>>149714461
That might be a part of it. There's also the fact that cars used to represent the ultimate freedom, but kids have the internet now and don't need to drive to meet up with friends. To a modern kid, having a car is just the first step to becoming enmeshed in capitalism, which is obviously increasingly unappealing. I also think there might be an instance of the tail wagging the dog, so to speak, where cars ceased to be romanticized in media toward the end of the 90s, so kids stopped seeing cars as heroic or cool. Even evergreen pop culture automotive icons like the Batmobile got downgraded to ugly "function over form" shit like the Tumbler in Batman Begins. I could see Adam West's batmobile inspiring a kid to love cars, but Bale's? Not so much.

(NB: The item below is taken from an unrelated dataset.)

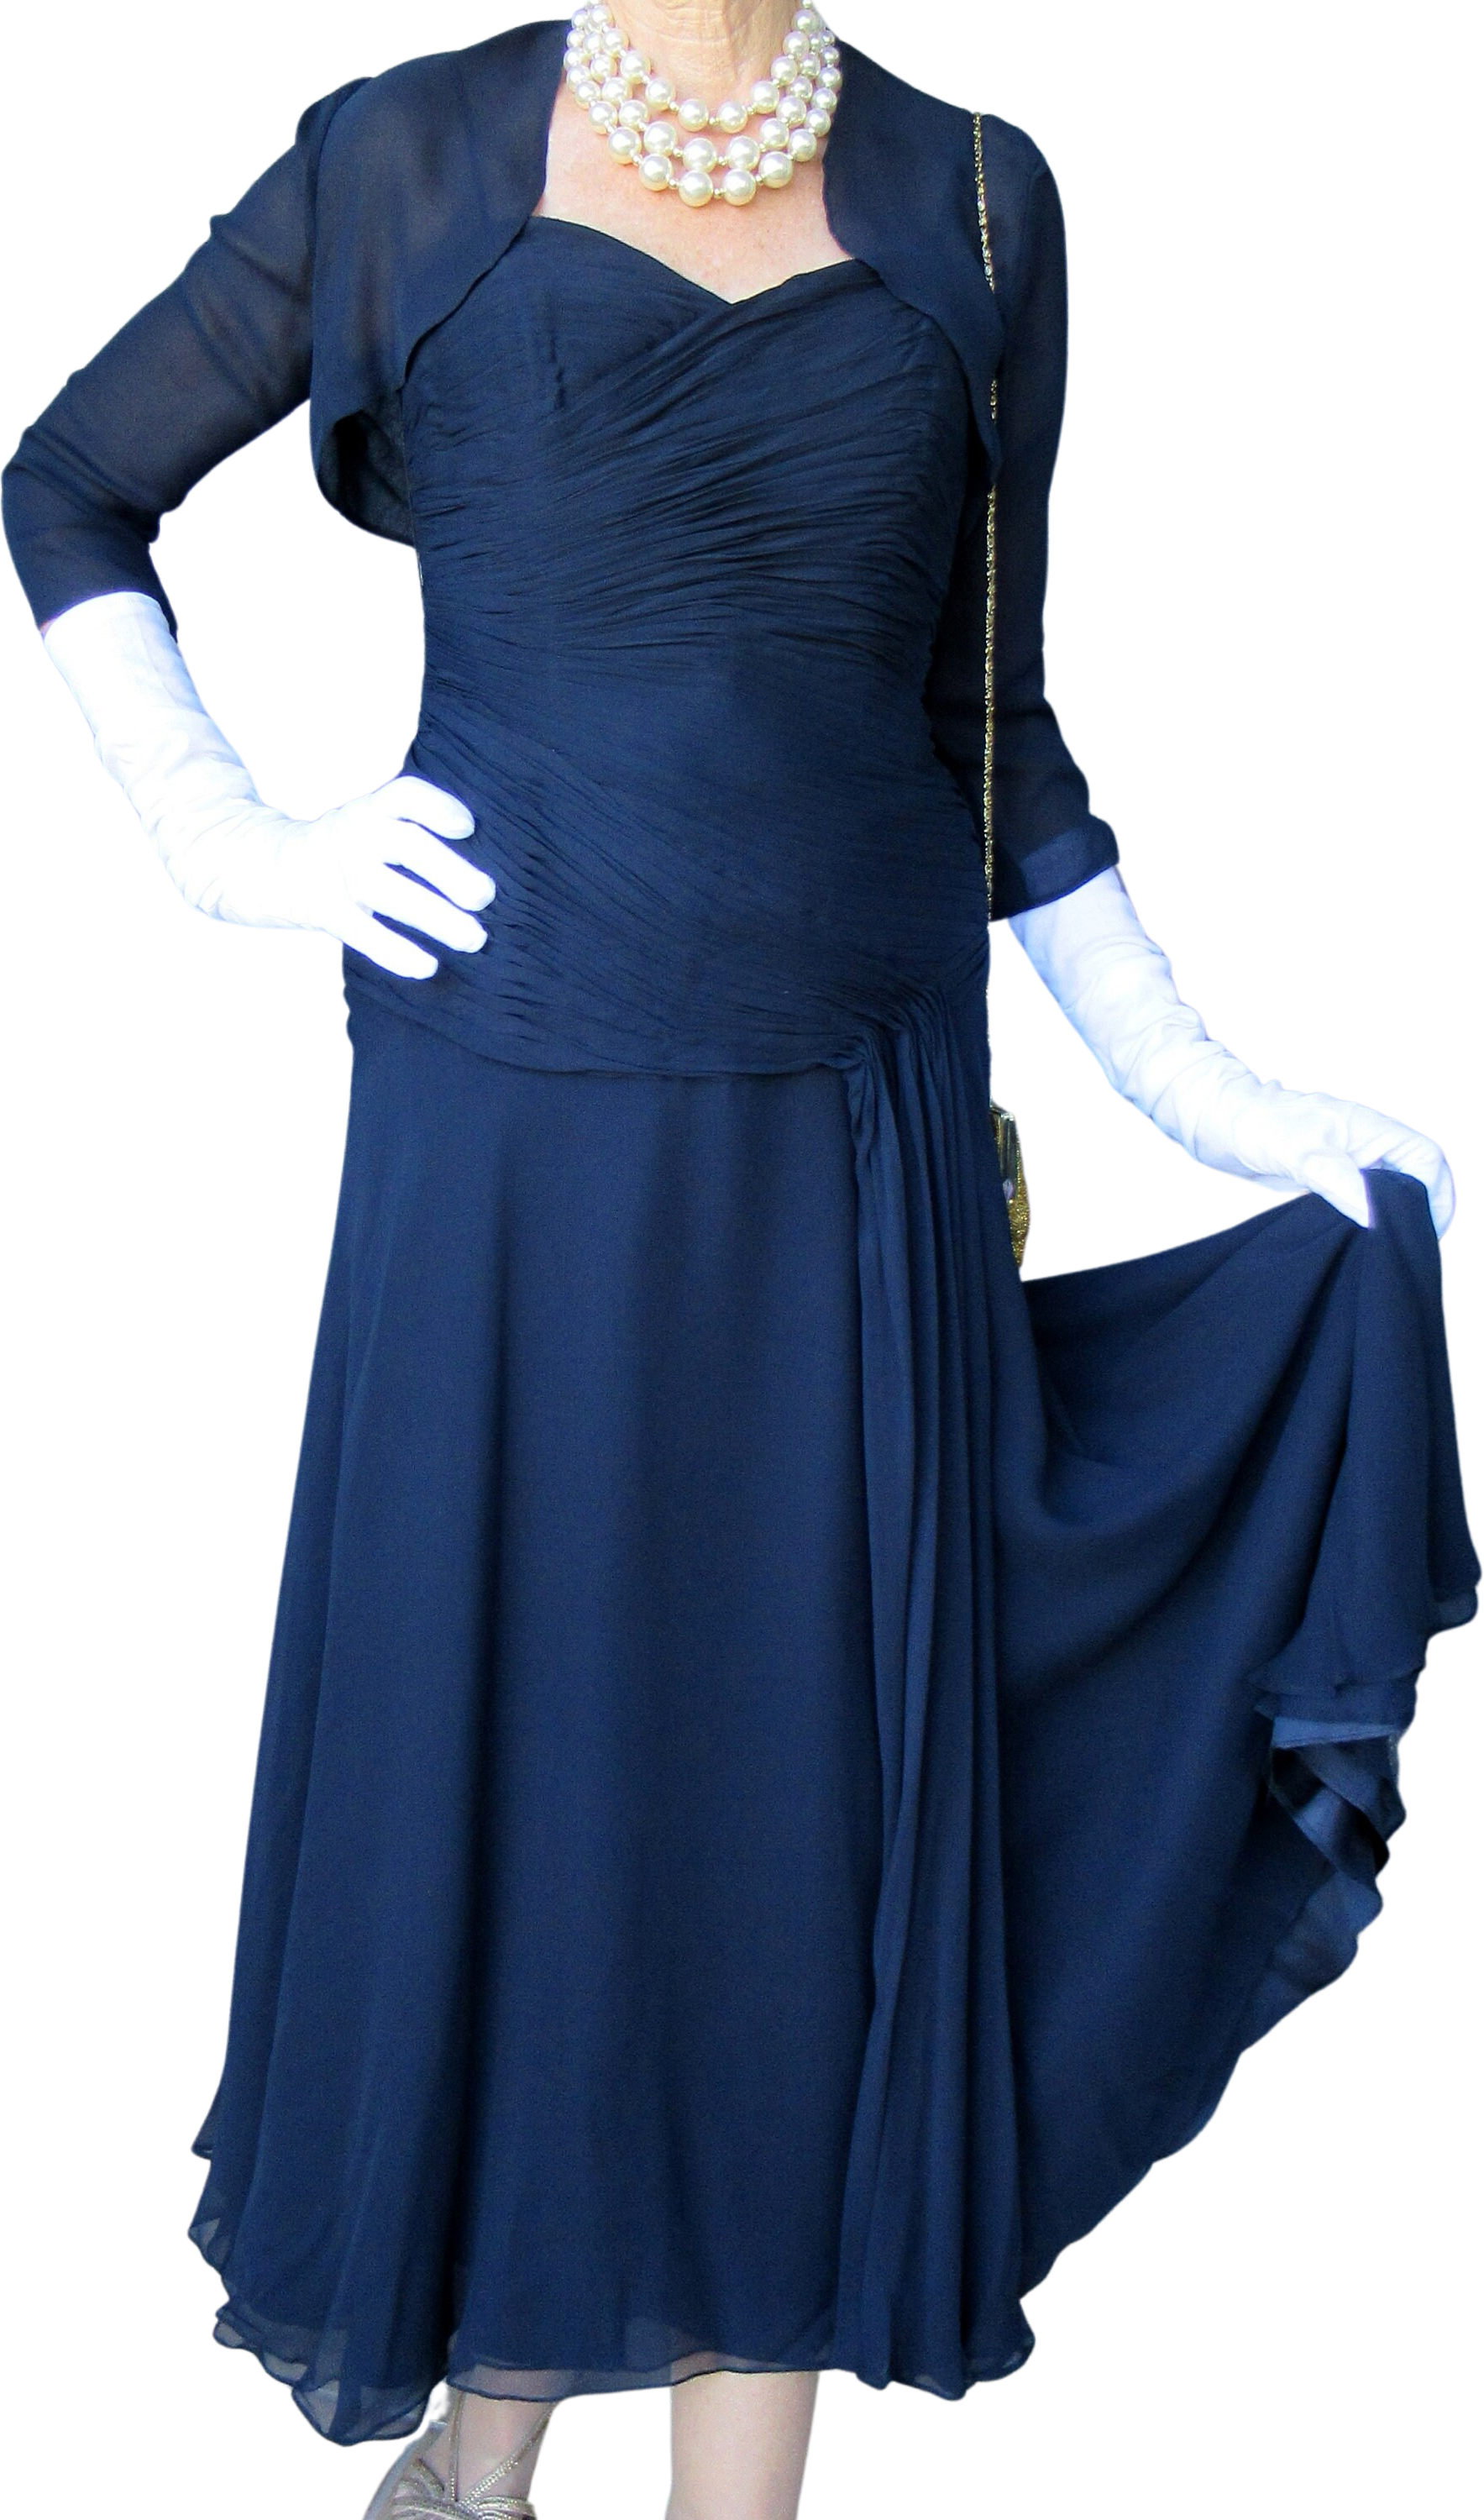 34 Inch Bust Strapless Dress / Formal, Padded Bra Top, Navy Blue CM  Couture, Spaghetti Strap, Back Zipper, Full Sheer Skirt W/ Front Panel -   Canada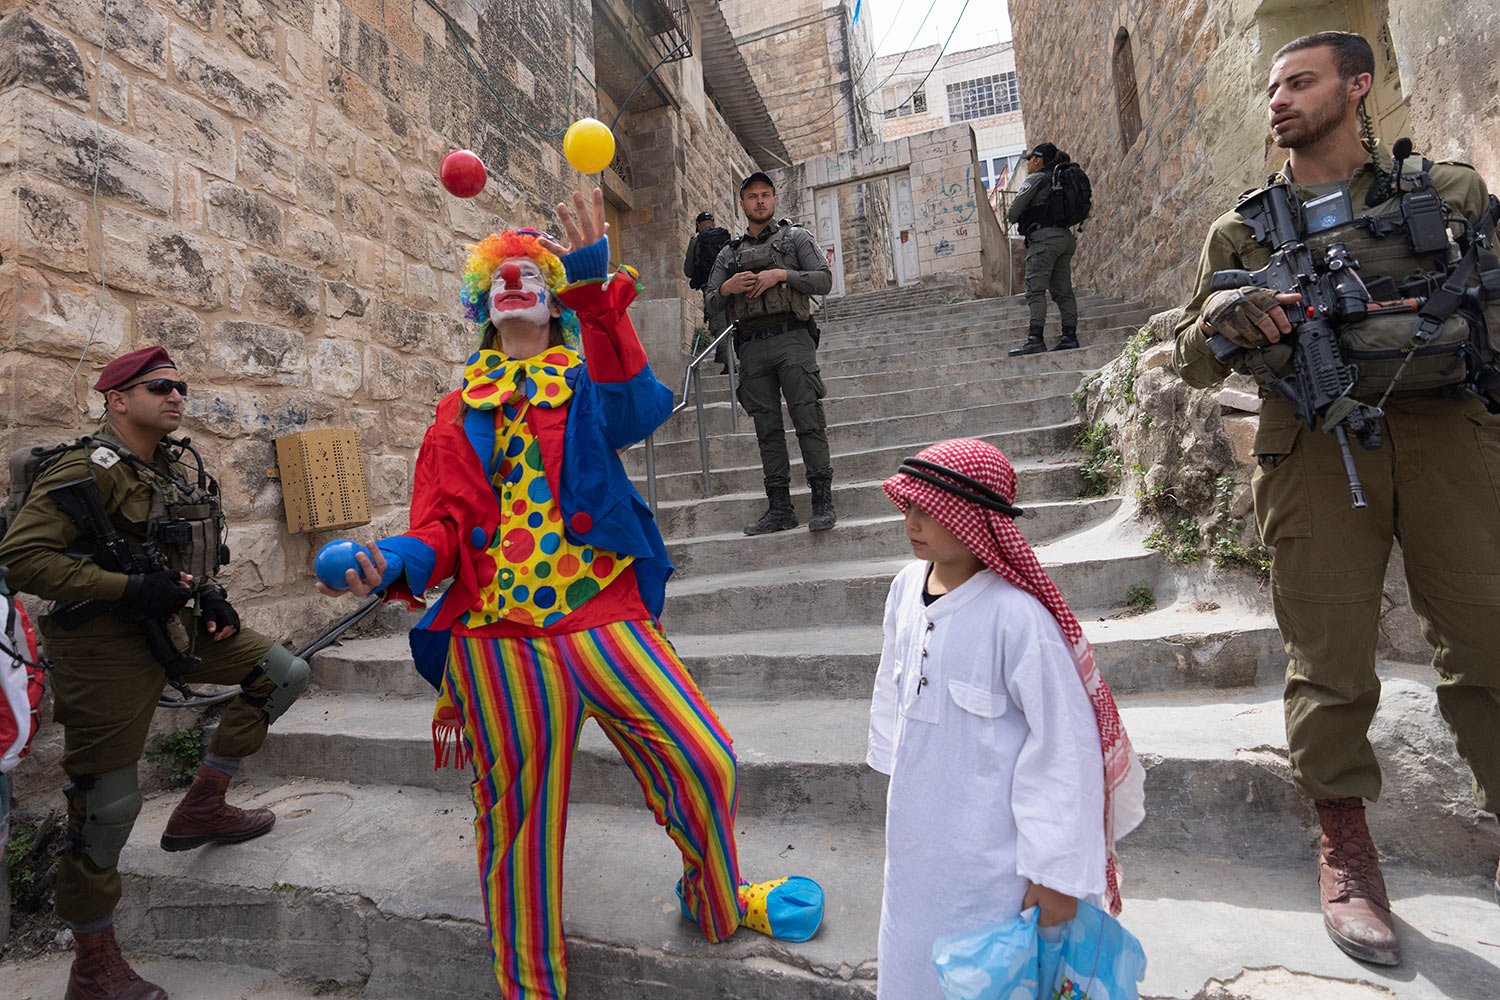  Jewish settlers dressed in costumes celebrate the Jewish holiday of Purim as soldiers secure the march in the West Bank city of Hebron, Tuesday, March 7, 2023.  (AP Photo/Ohad Zwigenberg)

I'm a millennial who still loves car culture, but I think a lot of that came from watching older movies/tv shows as a kid, like Dukes of Hazzard, Knight Rider, The Love Bug, and so on. I latched onto animated cars like the Gadgetmobile, the turtle van, and even whatever the fuck Danger Mouse's car was. Cars were just important to me. I always remembered the cars that friends and family members drove because they were like a character trait. I remember not liking it when someone got a new car that I didn't think fit their personality.
At the end of the day, I've probably just got some car-based autism for some reason, lol.